Lifters in vacuum & why they DO NOT
work
Lifters, ionocrafts or any form of EHD thruster, may look mysterious at
first glance due to the lack of moving parts. To make things worse and
promote confusion, these interesting devices have also found their place on
antigravity/free energy websites and have also been sold, at some science
suppliers, as antigravity devices. The lift mechanism may be easily
accounted for with simple conventional physics laws, which once understood,
can be used to design and predict the behaviour of these devices. Those
interested in mathematical detail for deriving the thrust and other
parameters of an EHD thruster, may find my paper Full analysis & design
solutions for saturated corona current condition very helpful.

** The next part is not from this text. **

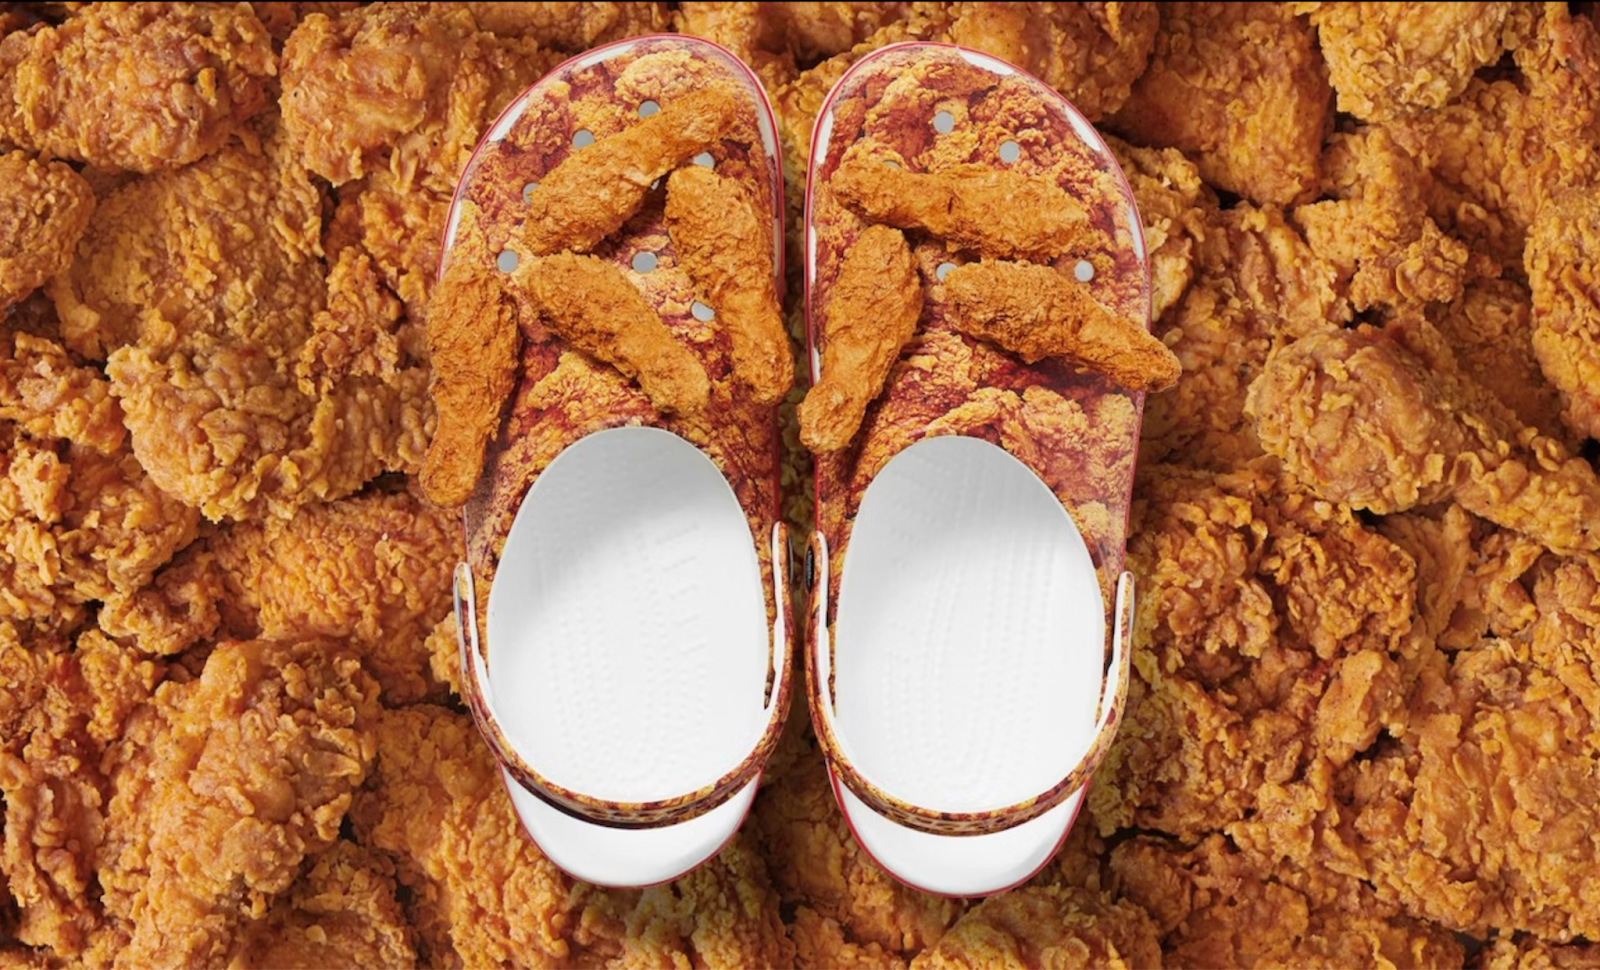 KFC Crocs Guerrilla Marketing

One has to understand that the lift mechanism is provided by the well known
Coulomb's law of electrostatics acting on ions, and by the law of
conservation of momentum, by which it transfers momentum to neutral air
molecules. EHD thrusters can be designed in various shapes & sizes but in
general they all have an ion emitter in the form of a fine wire, fixed over
the collector, usually in the form of either an aluminium plate of foil with
smooth round edge at the top or a mesh. The positive terminal is connected
to the wire and the negative to the collector, although reversing the
polarity still gives the same thrust direction, but somewhat lower force.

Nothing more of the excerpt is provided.